Social networks superpower
May 13, 2019, turned out to be quite nervous for many UK’s Metro Bank’s clients who rushed to withdraw their money on swiftly spreading news that bank is about to collapse and to repeat the fate of Northern Rock. The anxiety was also shared by the shareholders seeing the stock collapse by 11% and the bank managers, who were helpless trying to stop fake news overwhelming WhatsApp and other social media. Story ended happily just resulting in time loss for many clients that were standing in the queues.
Another story is about Ocean Spray, share price of which has doubled overnight, and it has gained recognition worth millions of dollars while not spending a penny on advertising. The success was attributed to the video by potato worker Nathan Apodaca sipping Ocean Spray while riding the skateboard: link to video. The video went viral on TikTok, causing extreme popularity of both the drink and the decades-old song in just a couple of days.
The power of social networks in its utmost manifestation is very well seen if you check out the reaction to Elon Musk’s tweets: soaring and plummeting cryptocurrencies, such as Bitcoin and Doge, or jumping prices of Signal (the company, which, by the way, was mistakenly perceived by users as messaging app Musk meant in his tweet) and Tesla. Having broad audience on social networks (60mn following Musk on Twitter), it has never been easier, faster and cheaper to reach so many people at once.

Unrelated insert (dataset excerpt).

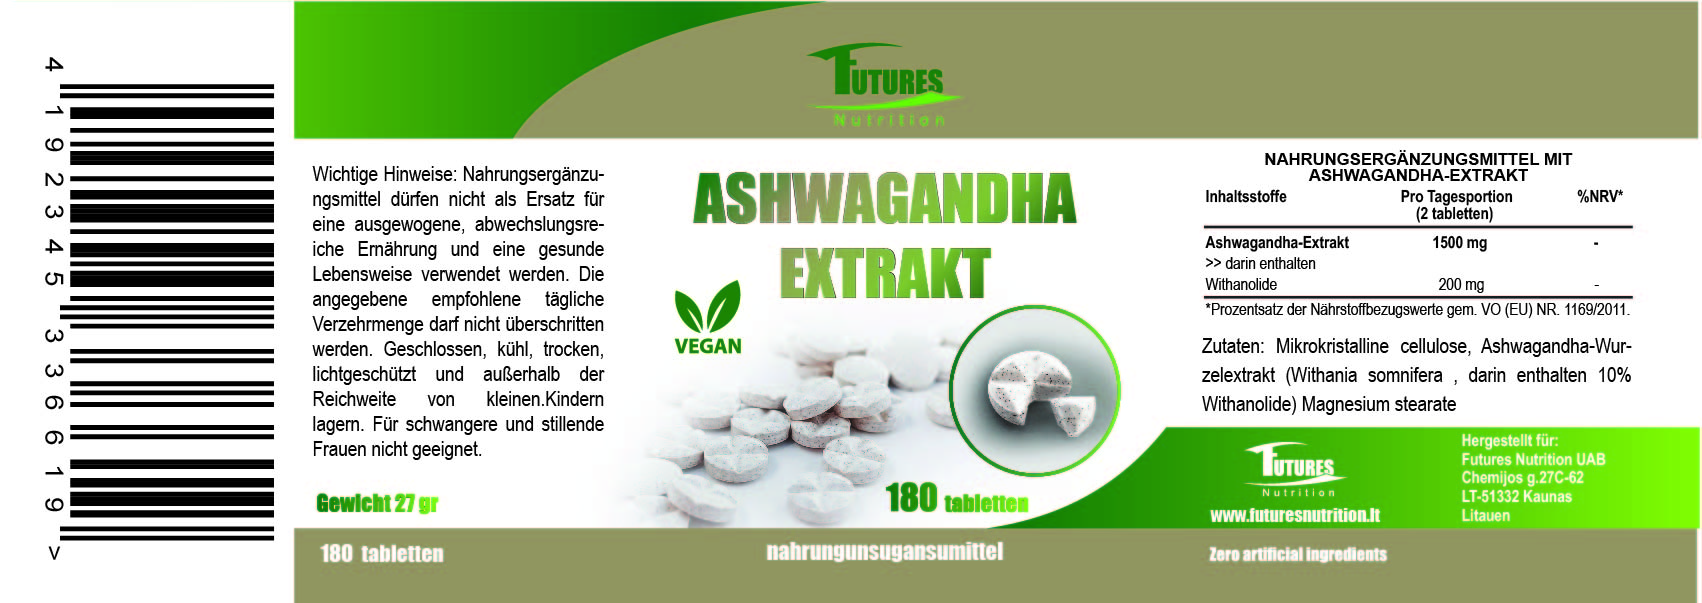 Ashwagandha estratto 180 compresse - Facile da affrontare il livello di stress

There are 4.3bn active social media users, which is 55% of total world’s population indicating unquestionable dominance of social networks. The key question now is whether the firms are able to use the benefits provided by social networks, and whether investors are able to benefit from the transparency welcomed and unwelcomed by the companies.
Demand for transparency
Social networks to a great extent stimulate transparency, and even if the company is not proactively being open and honest, the users will be there to ‘help’, whether it is going to be positive or negative publicity. Just as recently happened to Nestle, when FT journalists based on company’s internal documents revealed that 70% of its products are classified as junk food, while the company was claiming itself to be supporting healthier diets and ex-CEO characterized Nestle as “nutrition, health and wellness company”.
Usually consumers highly value transparency and authenticity. The research shows that when brands are transparent, 9 in 10 people are ready to give them second chance after bad experience, and 85% are ready to stick with them during critical times. What is more, 73% of consumers are willing to pay more for the products that guarantee full transparency, which evidently is an obvious pathway to the increased margins.
Transparency and higher margins
We have tested this claim by analyzing corporate publicity on the respective Twitter accounts. We took number of Twitter posts of the consumer companies as a proxy for corporate openness and transparency. The frequency of posts was put in the context of the margins to see if the companies are able to monetize their transparency and advertising on social networks.
Fig.1: Publicity on corporate Twitter account vs. Profit margin
Source: Alphinox, Astutex, Reuters, Twitter
The chart on fig. 1 illustrates the ability of the companies, being more active on Twitter, to charge higher premiums for their marketed products. Above average gross and operating margins are more so the charachteristics of companies that, on average, are more frequent publishers than the ones being less active on social media platform.
Corporate culture and stock performance
There is not only demand for radical transparency with regard to product marketing. Social networks now carry responsibility for the unprecedented number of leaks and the inside culture. Negative posts on working conditions and corporate culture are quickly spreading around, which makes it very expensive for the company to hide bad practices.
Recognizing the power of an ordinary person amplified by social networks, companies and investors do care about the corporate culture quality as the truth may come out any time. Our analysis, as depicted on fig. 2, shows the correlation between the quality of corporate culture based on Glassdoor assessment and the stock performance: higher quality of corporate standards set by the companies obviously are acknowledged by the investors, understanding the materiality of reputational risk and influence of corporate culture on long-term business success.
Fig.2: Corporate culture based on Glassdoor rating (quartile 4- the best) vs. 3Y Stock performance
Source: Alphinox, Astutex, Reuters, Glassdoor
What’s in there for Quality stocks?
Traditionally, we have considered how well the companies classified as quality stocks “behaved” in social media and whether their high financial rating complies with high corporate culture standards as assesed by their employees. Once again, we looked at Twitter activity of companies based on their quality status. The difference between quality and non-quality is evident (fig. 3): quality companies tend to be more open on this social media as compared to non-quality firms.
Fig.3: Publicity on corporate Twitter account vs. Company’s quality status
Source: Alphinox, Astutex, Reuters, Twitter
We strongly believe that good financial conditions is a consequence of long-term commitment to good corporate culture, governance and wise marketing, which allows the company to stay in the top-performers league for long-term. Excellent corporate culture ratings (52% of quality companies are found in quartile 4 according to Glassdoor rating) support this statement.